W przyszłym tygodniu Ambra podsumuje pierwszą połowę roku obrotowego, który zaczął się 1 lipca 2009 r. Robert Ogór wyjaśnia, że spółce nie zależy na zwiększaniu przychodów. Dlatego porządkując jej finanse i ofertę, zrezygnował m.in. z najtańszych win.
Robert Ogór prezesem Ambry został niemal dokładnie dwa lata temu. Zastąpił na tym stanowisku Claudiusa Hilla. Ze spółką związany jest od kilkunastu lat.

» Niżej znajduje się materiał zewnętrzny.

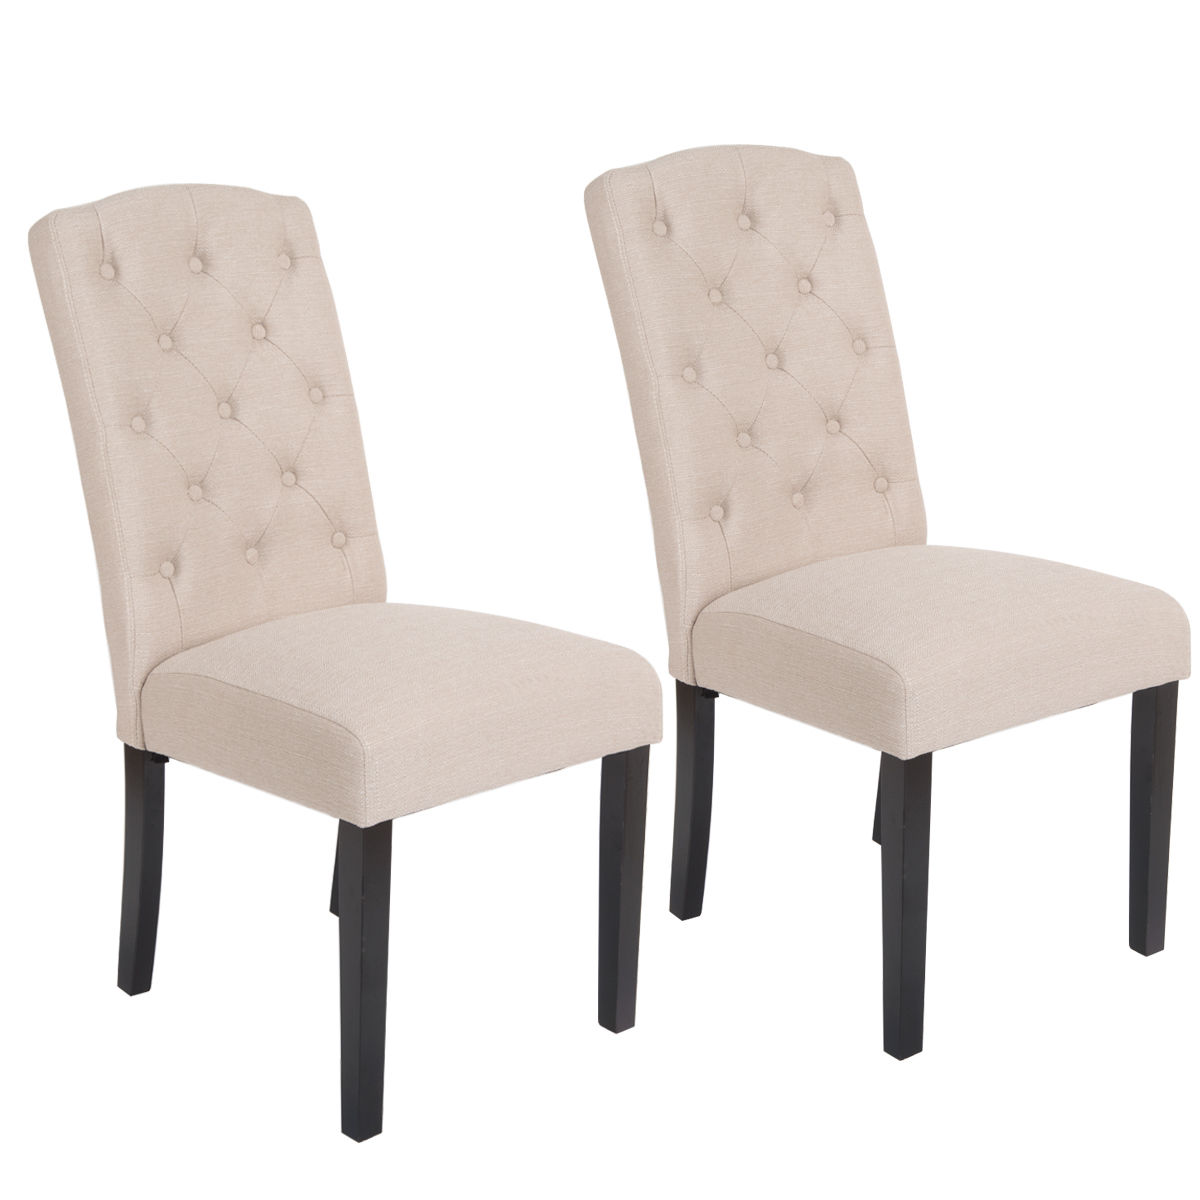 Kitchen Dining Room Chairs

W 1994 r. inwestorem strategicznym Ambry został Sektkellerei Schloss Wachenheim, w którym Ogór odpowiadał za rynki Europy Środkowo-Wschodniej. Wprowadził tę niemiecką firmę winiarską m.in. do Czech, Rumunii i na Węgry. Obecnie udziały Sektkellerei Schloss Wachenheim w Ambrze przekraczają 61 proc. Do Roberta Ogóra należy niecały 1 proc. akcji spółki.
Siedem lat temu Ogór został wiceprezesem Ambry. Był odpowiedzialny za rozwój grupy, zakupy i produkcję. W 2005 r. brał udział we wprowadzaniu spółki na GPW.